If a principal intervention by a creditor is filed, the process outlined in Article 177 of Law 4738/2020 is followed. This includes filing statements within sixty days of the petition’s publication in the EIR and additional counter-statements within five more days. A formal hearing is then scheduled, where the petition is discussed without the presence of the parties.

IV. The Ultimate Goal of Bankruptcy: The Debtor’s Discharge

A reasonable question arises as to why a debtor would file a petition requesting their declaration of bankruptcy or registration in the insolvency registry. The overindebted debtor aims to be discharged from debts existing at the time of the bankruptcy petition, as per Articles 192 et seq. This discharge occurs automatically after the prescribed period, without the need for another court procedure.

Article 192 of Law 4738/2020 states, “With the exception of paragraph 2, the debtor – natural person is fully discharged from all obligations to the bankruptcy creditors, regardless of whether they have been declared or not, thirty-six (36) months from the date of declaration of bankruptcy or the registration of paragraph 4 of Article 77, unless an appeal against the discharge is filed within this period by any person with a legitimate interest.”

Exceptionally, the debtor can be discharged in just one year if:

  1. The debtor is declared bankrupt (not merely registered in the insolvency registry, as this always requires a three-year period for discharge).
  2. The bankruptcy estate includes the debtor’s primary residence or other assets exceeding in value 10% of their total liabilities and having a minimum value of €100,000.

Thus, the debtor can be discharged in just one year from the declaration of bankruptcy. The discharge applies to all debts existing at the time of the bankruptcy petition, except for debts arising from fraud or gross negligence causing death or bodily harm, money laundering offenses (unless the basic offense is non-payment of debts), and alimony obligations.

Discharge does not occur within the aforementioned periods if an intervention against it is filed, as outlined in Article 193 of Law 4738/2020. In summary, the described bankruptcy represents an institutional attempt to assess the debtor’s assets and based on this value, the resulting quantitative limitation of the creditor’s claim and its satisfaction/discharge of the debtor. The creditor, whose property rights are affected, can object by filing an intervention, alleging, for instance, that the debtor deliberately caused their insolvency or did not cooperate with creditors at earlier stages, etc. The debtor can counter these allegations, and the bankruptcy court resolves the dispute.

Following the amendments introduced by Law 5072/2023, it is provided that after the discharge period, the reporting judge, upon the debtor’s application, and after receiving the trustee’s report and ensuring no appeal against the discharge is pending, issues an act confirming the discharge of the debtor from their obligations.

V. Conclusion

The relatively new procedure of small-scale bankruptcy allows natural and legal persons meeting the legal definitions to follow a simplified procedure to be declared bankrupt and subsequently discharged, under the conditions of Article 195 of Law 4738/2020.

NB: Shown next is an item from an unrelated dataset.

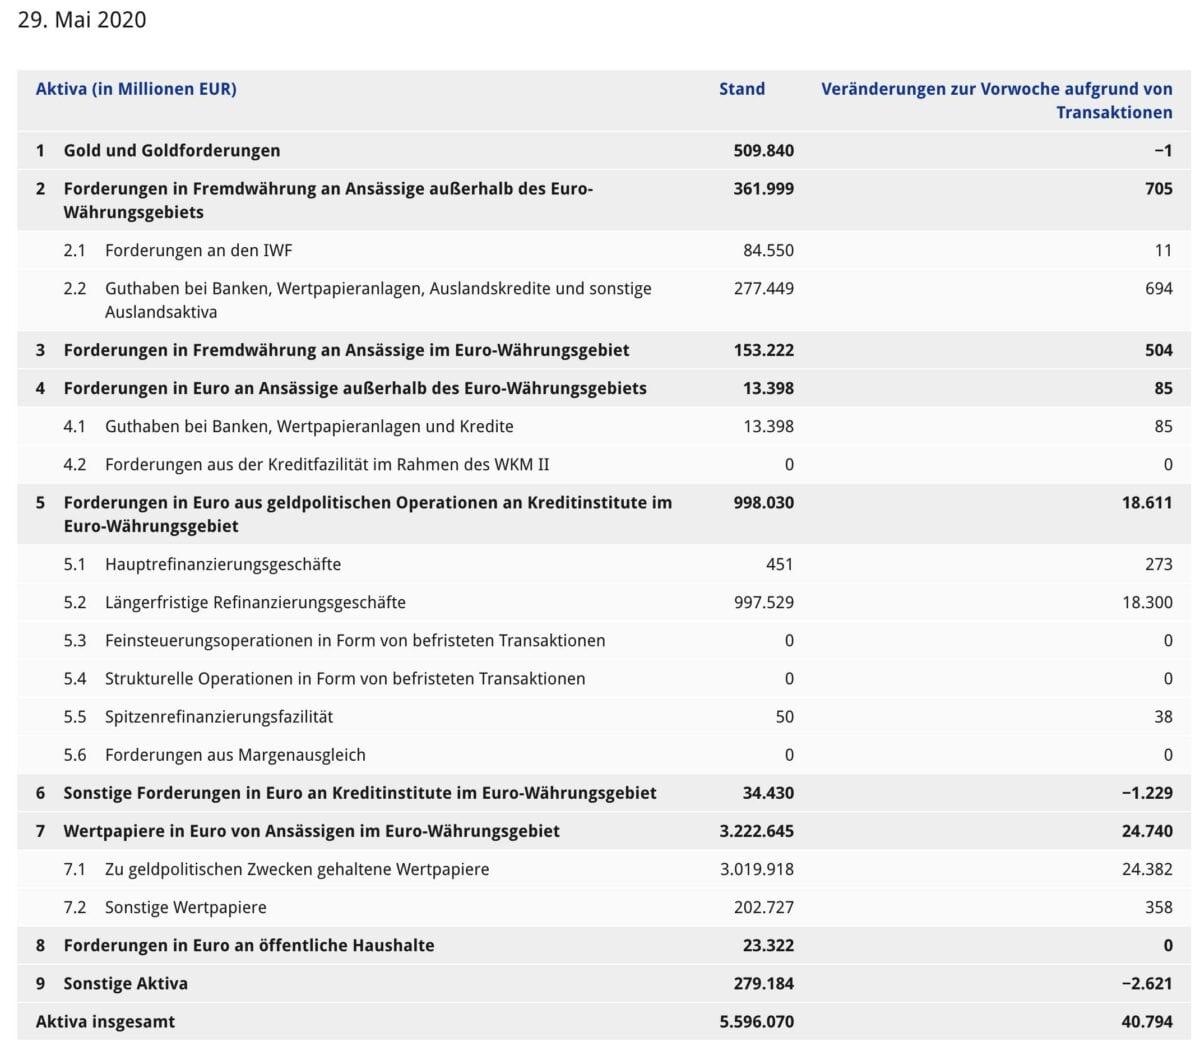 EZB-Bilanz mit Stand 29. Mai

The automatic acceptance of the bankruptcy petition in the absence of an intervention and the automatic discharge from all debts after the prescribed period undoubtedly provides significant incentive for overindebted debtors to resort to this procedure. However, the “price” of discharge from all debts existing at the time of the petition is the loss of all their assets, either liquidated by the bankruptcy trustee (in case of bankruptcy declaration) or by individual creditors (in case of registration in the EIR). Nevertheless, this achieves the fresh start for the overindebted debtor, which was the primary aim of the Directive leading to the enactment of Law 4738/2020.